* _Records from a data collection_
■ ■ ■ ■ ■

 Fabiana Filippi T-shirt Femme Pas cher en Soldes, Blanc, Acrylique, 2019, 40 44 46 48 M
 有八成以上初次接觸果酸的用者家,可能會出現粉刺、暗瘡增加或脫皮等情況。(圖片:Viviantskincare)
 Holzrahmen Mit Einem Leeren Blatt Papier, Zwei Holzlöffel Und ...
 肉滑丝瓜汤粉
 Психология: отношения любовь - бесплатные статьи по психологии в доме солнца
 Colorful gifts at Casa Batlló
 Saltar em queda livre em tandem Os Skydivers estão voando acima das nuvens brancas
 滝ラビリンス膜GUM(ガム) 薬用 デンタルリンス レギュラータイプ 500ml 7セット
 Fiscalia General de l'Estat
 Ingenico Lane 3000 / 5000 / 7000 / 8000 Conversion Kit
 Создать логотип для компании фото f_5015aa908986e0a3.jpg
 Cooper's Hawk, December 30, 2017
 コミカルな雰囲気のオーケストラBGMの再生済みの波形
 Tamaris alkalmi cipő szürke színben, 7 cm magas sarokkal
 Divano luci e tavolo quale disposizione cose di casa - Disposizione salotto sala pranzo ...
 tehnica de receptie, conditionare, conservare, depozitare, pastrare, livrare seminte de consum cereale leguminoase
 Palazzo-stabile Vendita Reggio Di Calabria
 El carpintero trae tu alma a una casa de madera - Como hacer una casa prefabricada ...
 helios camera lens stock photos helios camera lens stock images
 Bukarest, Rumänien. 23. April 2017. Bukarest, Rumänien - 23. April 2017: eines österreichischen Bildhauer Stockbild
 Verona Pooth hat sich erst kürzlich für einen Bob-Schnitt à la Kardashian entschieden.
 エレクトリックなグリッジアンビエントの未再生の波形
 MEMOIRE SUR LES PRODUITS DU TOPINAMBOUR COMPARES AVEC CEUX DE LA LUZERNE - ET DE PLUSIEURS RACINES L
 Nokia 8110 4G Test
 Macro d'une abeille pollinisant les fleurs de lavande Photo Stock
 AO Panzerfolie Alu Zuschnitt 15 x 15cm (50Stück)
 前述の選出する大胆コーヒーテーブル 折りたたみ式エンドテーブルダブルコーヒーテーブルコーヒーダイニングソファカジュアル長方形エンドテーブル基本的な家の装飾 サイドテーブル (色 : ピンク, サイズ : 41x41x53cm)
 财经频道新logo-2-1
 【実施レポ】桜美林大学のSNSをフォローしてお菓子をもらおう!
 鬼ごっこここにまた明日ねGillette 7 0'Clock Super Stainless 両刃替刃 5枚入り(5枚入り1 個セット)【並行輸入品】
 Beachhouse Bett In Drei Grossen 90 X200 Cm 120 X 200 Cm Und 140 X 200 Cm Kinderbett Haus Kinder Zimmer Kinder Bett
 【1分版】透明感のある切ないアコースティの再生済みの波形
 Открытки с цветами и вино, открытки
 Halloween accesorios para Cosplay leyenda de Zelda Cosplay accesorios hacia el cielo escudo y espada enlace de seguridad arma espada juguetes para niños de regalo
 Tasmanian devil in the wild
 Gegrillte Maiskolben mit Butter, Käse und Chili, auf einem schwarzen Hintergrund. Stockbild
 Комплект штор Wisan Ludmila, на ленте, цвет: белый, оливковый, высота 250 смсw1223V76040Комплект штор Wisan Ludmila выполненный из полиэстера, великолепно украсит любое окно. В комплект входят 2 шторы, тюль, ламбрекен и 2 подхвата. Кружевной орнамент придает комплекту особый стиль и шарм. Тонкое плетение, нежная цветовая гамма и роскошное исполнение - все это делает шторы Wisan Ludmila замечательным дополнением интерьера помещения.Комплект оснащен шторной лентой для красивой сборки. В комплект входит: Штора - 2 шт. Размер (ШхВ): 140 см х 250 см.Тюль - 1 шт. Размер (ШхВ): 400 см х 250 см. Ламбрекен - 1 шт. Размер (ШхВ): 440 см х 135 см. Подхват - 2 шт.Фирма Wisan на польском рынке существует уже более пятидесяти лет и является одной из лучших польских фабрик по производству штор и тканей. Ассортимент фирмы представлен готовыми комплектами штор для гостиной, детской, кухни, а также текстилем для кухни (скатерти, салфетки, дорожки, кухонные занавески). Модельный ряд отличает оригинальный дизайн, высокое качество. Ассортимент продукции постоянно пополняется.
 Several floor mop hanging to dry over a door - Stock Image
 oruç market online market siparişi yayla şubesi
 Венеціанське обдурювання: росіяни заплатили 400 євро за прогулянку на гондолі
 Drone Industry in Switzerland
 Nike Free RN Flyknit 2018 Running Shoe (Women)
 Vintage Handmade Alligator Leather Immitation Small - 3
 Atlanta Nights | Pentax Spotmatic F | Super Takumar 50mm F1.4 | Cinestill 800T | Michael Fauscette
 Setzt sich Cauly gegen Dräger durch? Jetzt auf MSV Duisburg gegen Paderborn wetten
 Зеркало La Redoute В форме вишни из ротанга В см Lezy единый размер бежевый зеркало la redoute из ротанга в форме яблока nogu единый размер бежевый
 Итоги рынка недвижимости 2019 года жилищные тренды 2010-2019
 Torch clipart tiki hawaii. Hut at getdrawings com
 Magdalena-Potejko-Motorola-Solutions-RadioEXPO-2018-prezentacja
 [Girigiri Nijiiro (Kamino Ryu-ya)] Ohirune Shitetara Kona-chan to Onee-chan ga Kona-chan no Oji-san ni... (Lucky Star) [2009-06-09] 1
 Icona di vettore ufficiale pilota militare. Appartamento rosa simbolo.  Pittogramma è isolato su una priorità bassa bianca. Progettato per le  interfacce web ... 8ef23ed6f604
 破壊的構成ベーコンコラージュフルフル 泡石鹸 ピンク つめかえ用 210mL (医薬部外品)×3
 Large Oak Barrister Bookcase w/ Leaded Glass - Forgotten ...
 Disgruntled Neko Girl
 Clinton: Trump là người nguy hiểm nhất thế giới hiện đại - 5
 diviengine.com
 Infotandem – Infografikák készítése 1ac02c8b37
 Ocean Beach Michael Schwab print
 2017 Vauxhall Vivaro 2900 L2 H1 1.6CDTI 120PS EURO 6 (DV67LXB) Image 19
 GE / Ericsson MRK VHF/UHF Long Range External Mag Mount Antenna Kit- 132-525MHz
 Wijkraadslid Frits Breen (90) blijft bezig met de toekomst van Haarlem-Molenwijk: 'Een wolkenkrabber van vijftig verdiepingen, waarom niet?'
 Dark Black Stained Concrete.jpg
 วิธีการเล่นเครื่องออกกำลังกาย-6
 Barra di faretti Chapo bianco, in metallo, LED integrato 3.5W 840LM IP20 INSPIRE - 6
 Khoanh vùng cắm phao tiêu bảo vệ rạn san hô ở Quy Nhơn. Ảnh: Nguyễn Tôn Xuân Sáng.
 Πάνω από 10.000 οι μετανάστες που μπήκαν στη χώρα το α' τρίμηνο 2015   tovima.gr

■ ■ ■ ■ ■

* _THE PROBLEM_
Scan the entries above and copy each line where "Stockbild" occurs.

* _TASK SOLUTION_
 Bukarest, Rumänien. 23. April 2017. Bukarest, Rumänien - 23. April 2017: eines österreichischen Bildhauer Stockbild
 Gegrillte Maiskolben mit Butter, Käse und Chili, auf einem schwarzen Hintergrund. Stockbild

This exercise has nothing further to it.